If the major axis of the ellipse is vertical or horizontal, it's easy to calculate the bounding box, but what about when the ellipse is rotated?

The only way I can think of so far is to calculate all the points around the perimeter and find the max/min x and y values. It seems like there should be a simpler way.

If there's a function (in the mathematical sense) that describes an ellipse at an arbitrary angle, then I could use its derivative to find points where the slope is zero or undefined, but I can't seem to find one.

Edit: to clarify, I need the axis-aligned bounding box, i.e. it should not be rotated with the ellipse, but stay aligned with the x axis so transforming the bounding box won't work.

You could try using the parametrized equations for an ellipse rotated at an arbitrary angle:

x = h + a*cos(t)*cos(phi) - b*sin(t)*sin(phi)  [1]
y = k + b*sin(t)*cos(phi) + a*cos(t)*sin(phi)  [2]

...where ellipse has centre (h,k) semimajor axis a and semiminor axis b, and is rotated through angle phi.

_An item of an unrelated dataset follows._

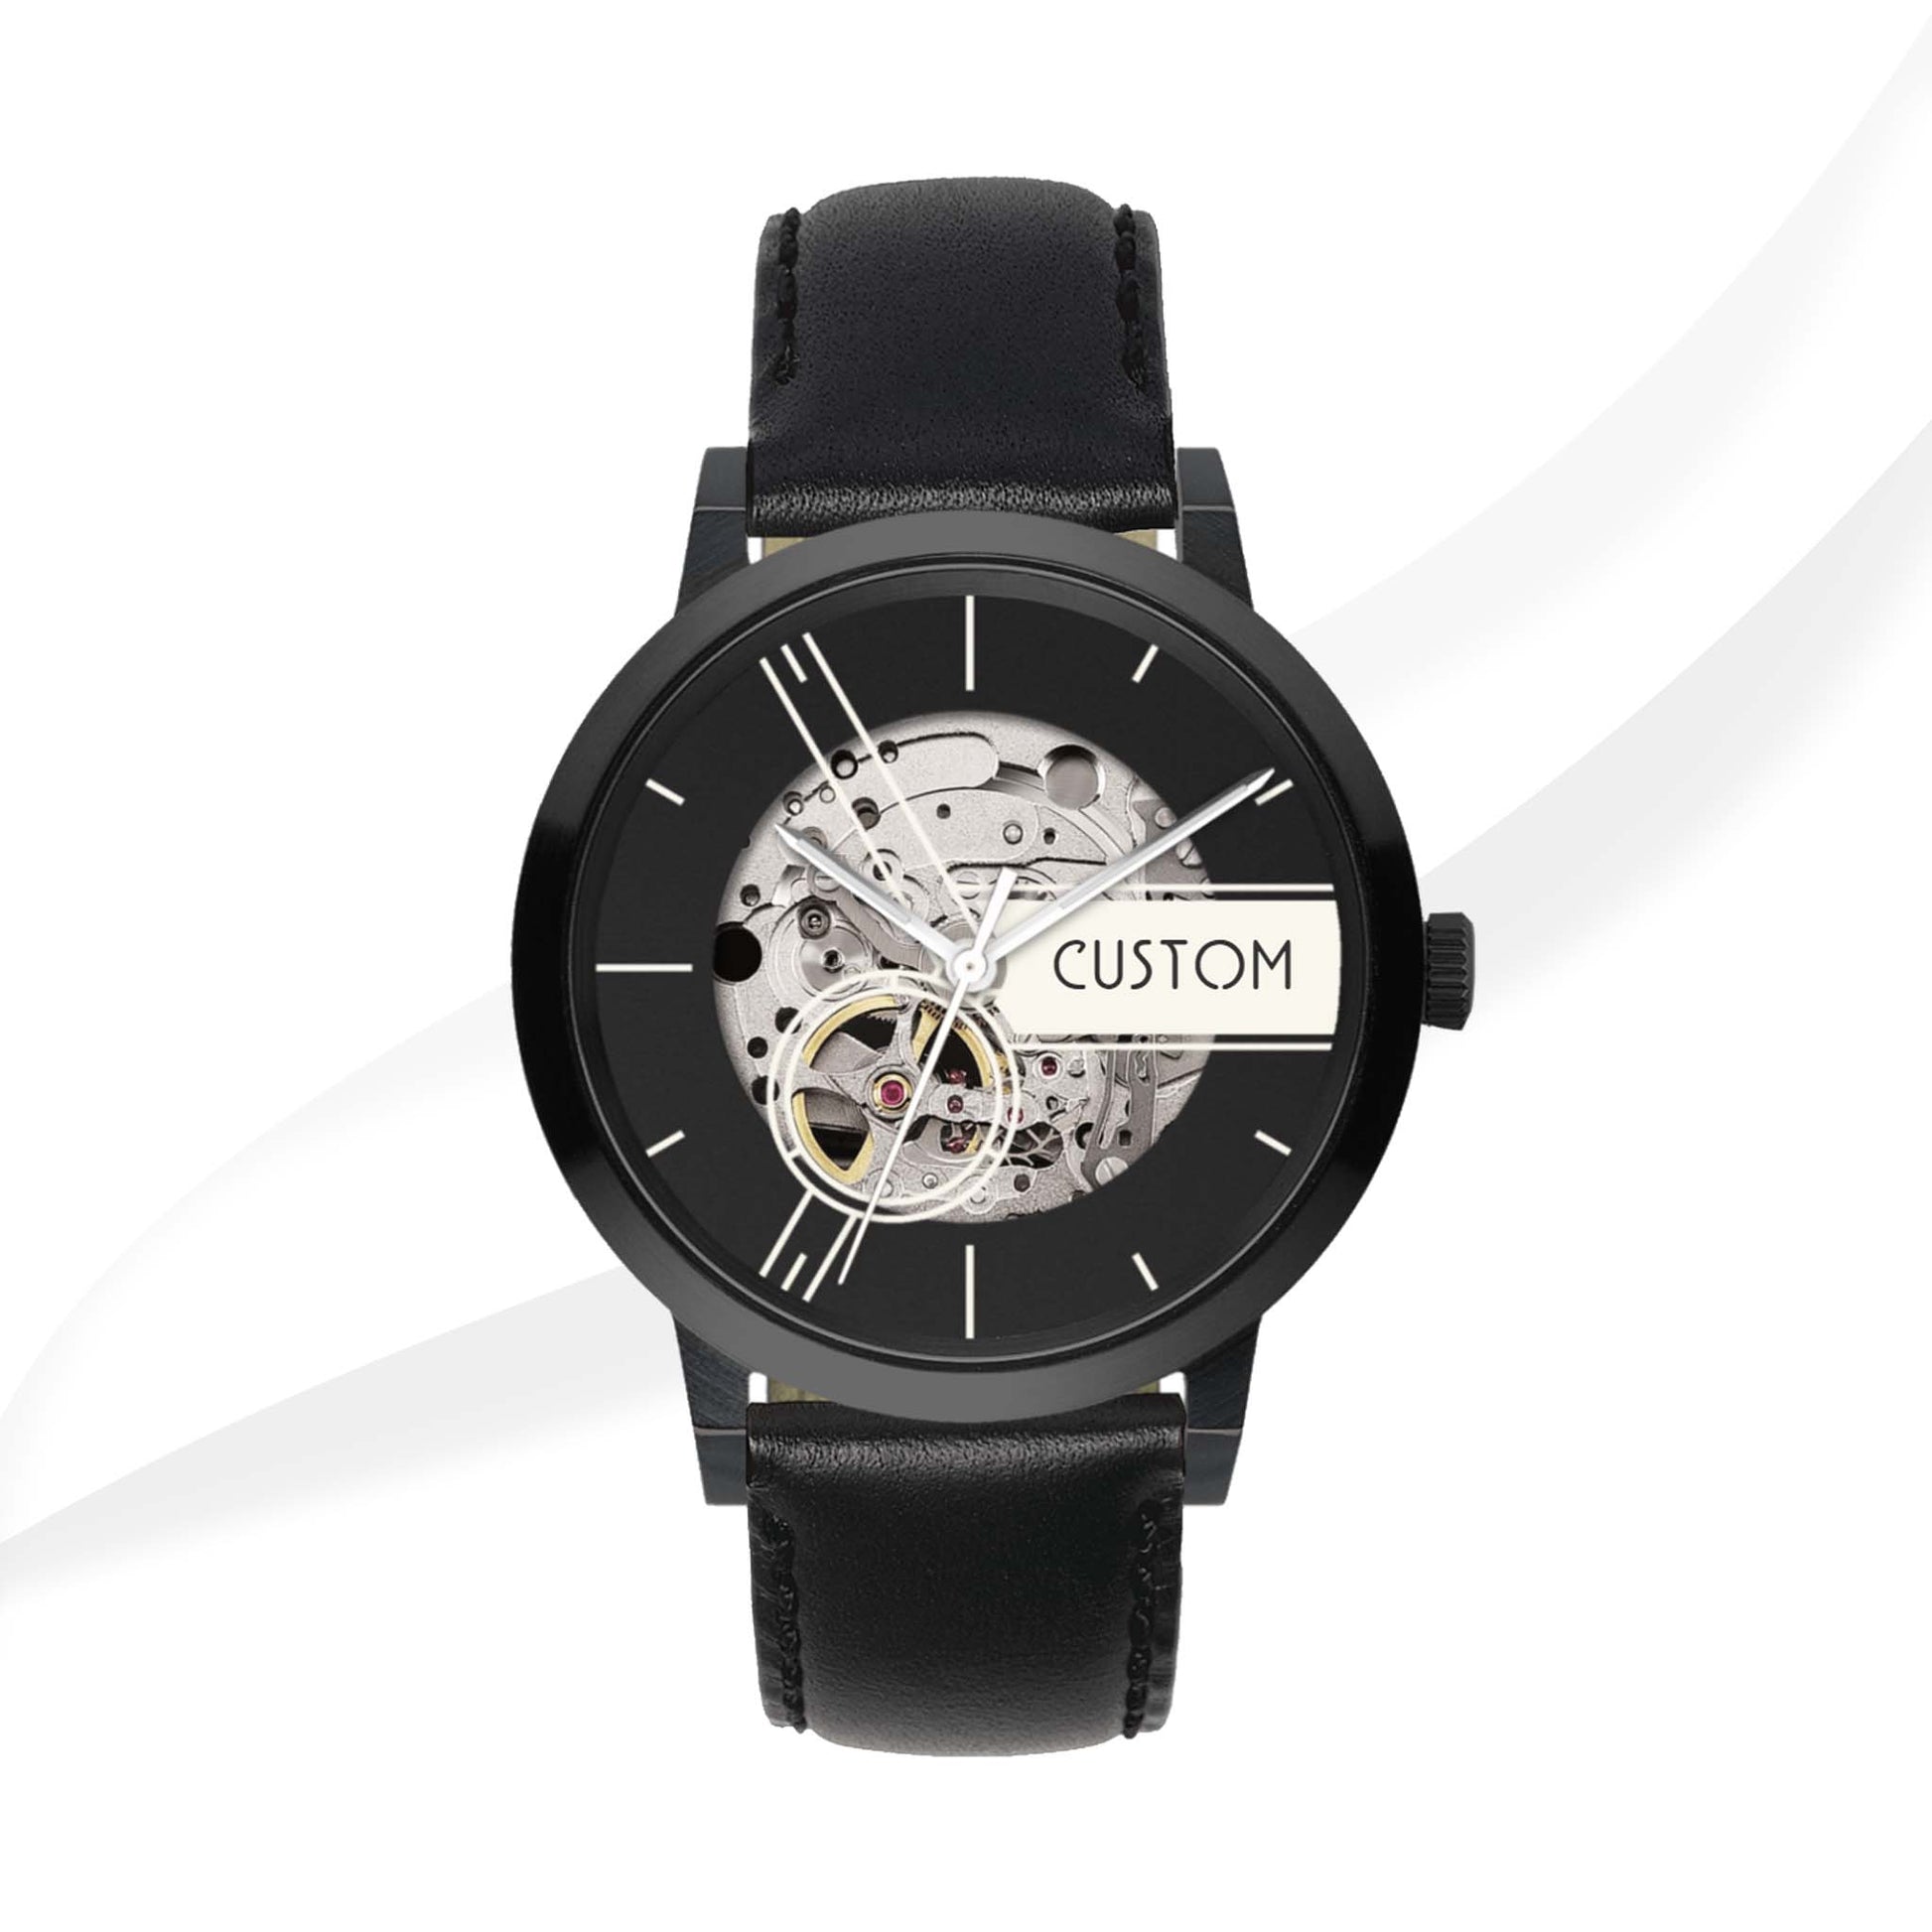 EONIQ custom skeleton watch - black leather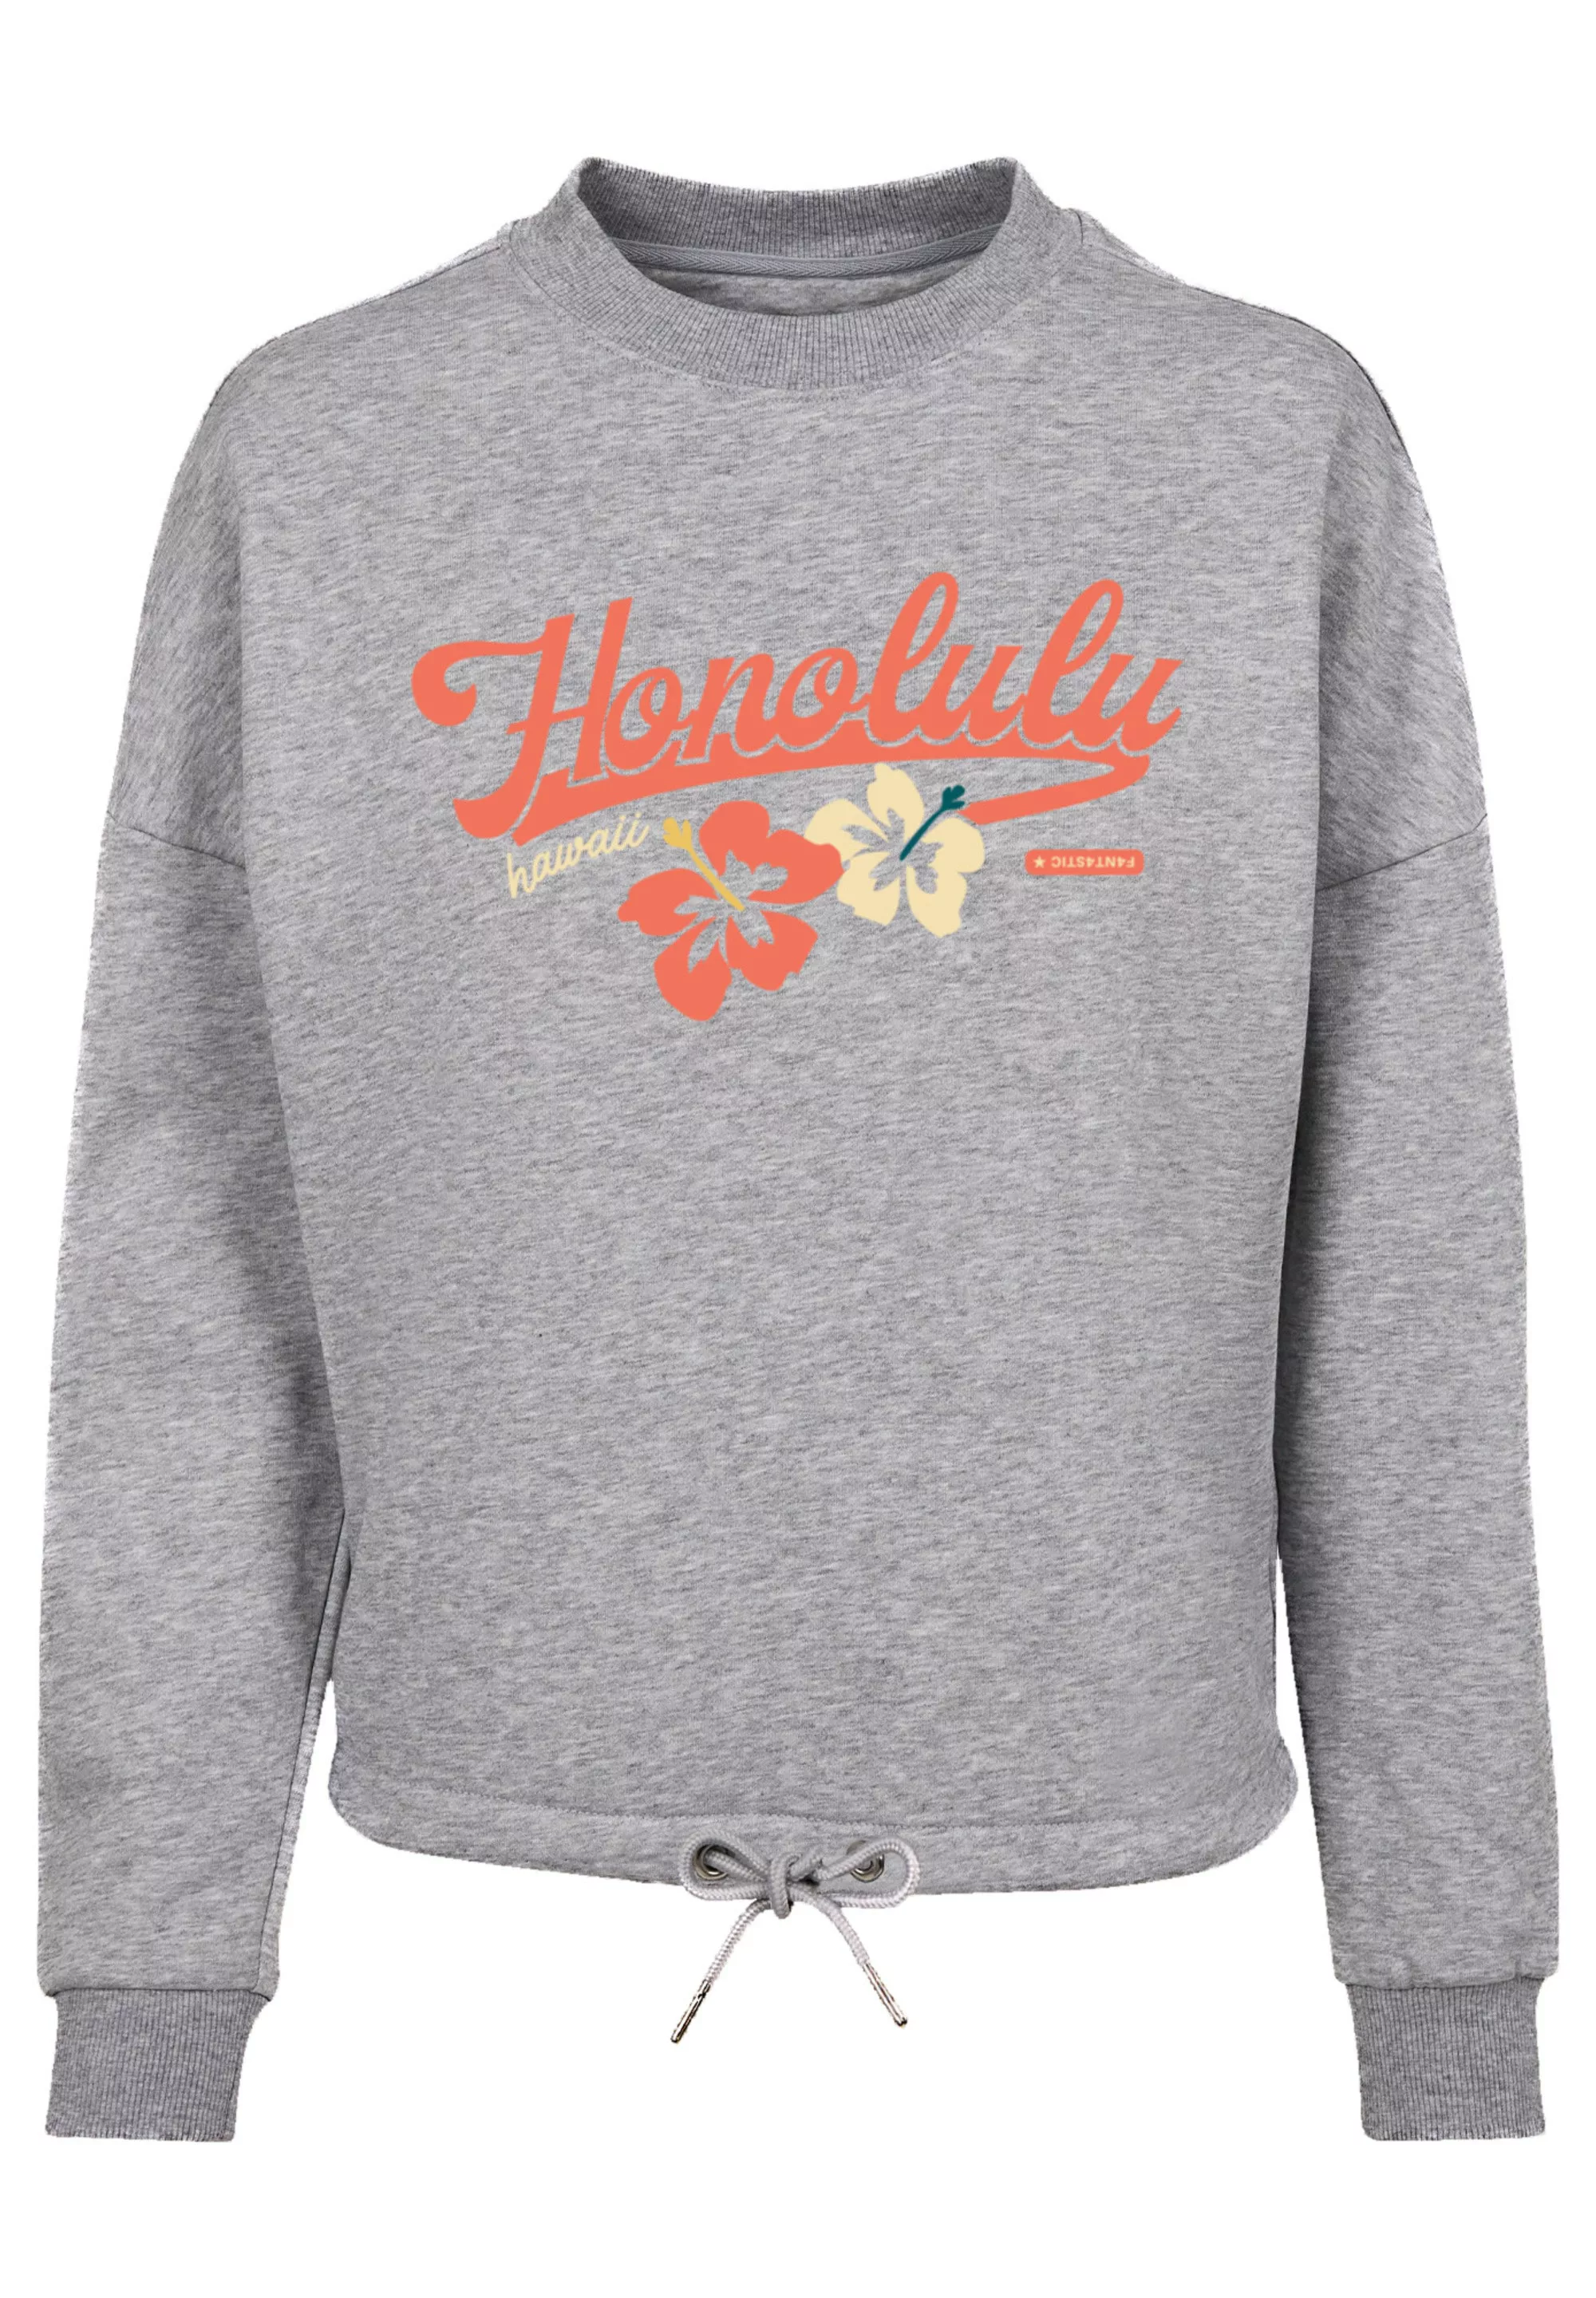 F4NT4STIC Sweatshirt "Honolulu", Print günstig online kaufen

You can then differentiate and solve for gradient = 0:

0 = dx/dt = -a*sin(t)*cos(phi) - b*cos(t)*sin(phi)

=>

tan(t) = -b*tan(phi)/a   [3]

Which should give you many solutions for t (two of which you are interested in), plug that back into [1] to get your max and min x.

Repeat for [2]:

0 = dy/dt = b*cos(t)*cos(phi) - a*sin(t)*sin(phi)

=>

tan(t) = b*cot(phi)/a  [4]

Lets try an example:

Consider an ellipse at (0,0) with a=2, b=1, rotated by PI/4:

[1] =>

x = 2*cos(t)*cos(PI/4) - sin(t)*sin(PI/4)

[3] =>

tan(t) = -tan(PI/4)/2 = -1/2

=>

t = -0.4636 + n*PI

We are interested in t = -0.4636 and t = -3.6052

So we get:

x = 2*cos(-0.4636)*cos(PI/4) - sin(-0.4636)*sin(PI/4) = 1.5811

and

x = 2*cos(-3.6052)*cos(PI/4) - sin(-3.6052)*sin(PI/4) = -1.5811

I found a simple formula at http://www.iquilezles.org/www/articles/ellipses/ellipses.htm (and ignored the z axis).

I implemented it roughly like this:

num ux = ellipse.r1 * cos(ellipse.phi);
num uy = ellipse.r1 * sin(ellipse.phi);
num vx = ellipse.r2 * cos(ellipse.phi+PI/2);
num vy = ellipse.r2 * sin(ellipse.phi+PI/2);

num bbox_halfwidth = sqrt(ux*ux + vx*vx);
num bbox_halfheight = sqrt(uy*uy + vy*vy); 

Point bbox_ul_corner = new Point(ellipse.center.x - bbox_halfwidth, 
                                 ellipse.center.y - bbox_halfheight);

Point bbox_br_corner = new Point(ellipse.center.x + bbox_halfwidth, 
                                 ellipse.center.y + bbox_halfheight);

This is relative simple but a bit hard to explain since you haven't given us the way you represent your ellipse. There are so many ways to do it..

Anyway, the general principle goes like this: You can't calculate the axis aligned boundary box directly. You can however calculate the extrema of the ellipse in x and y as points in 2D space.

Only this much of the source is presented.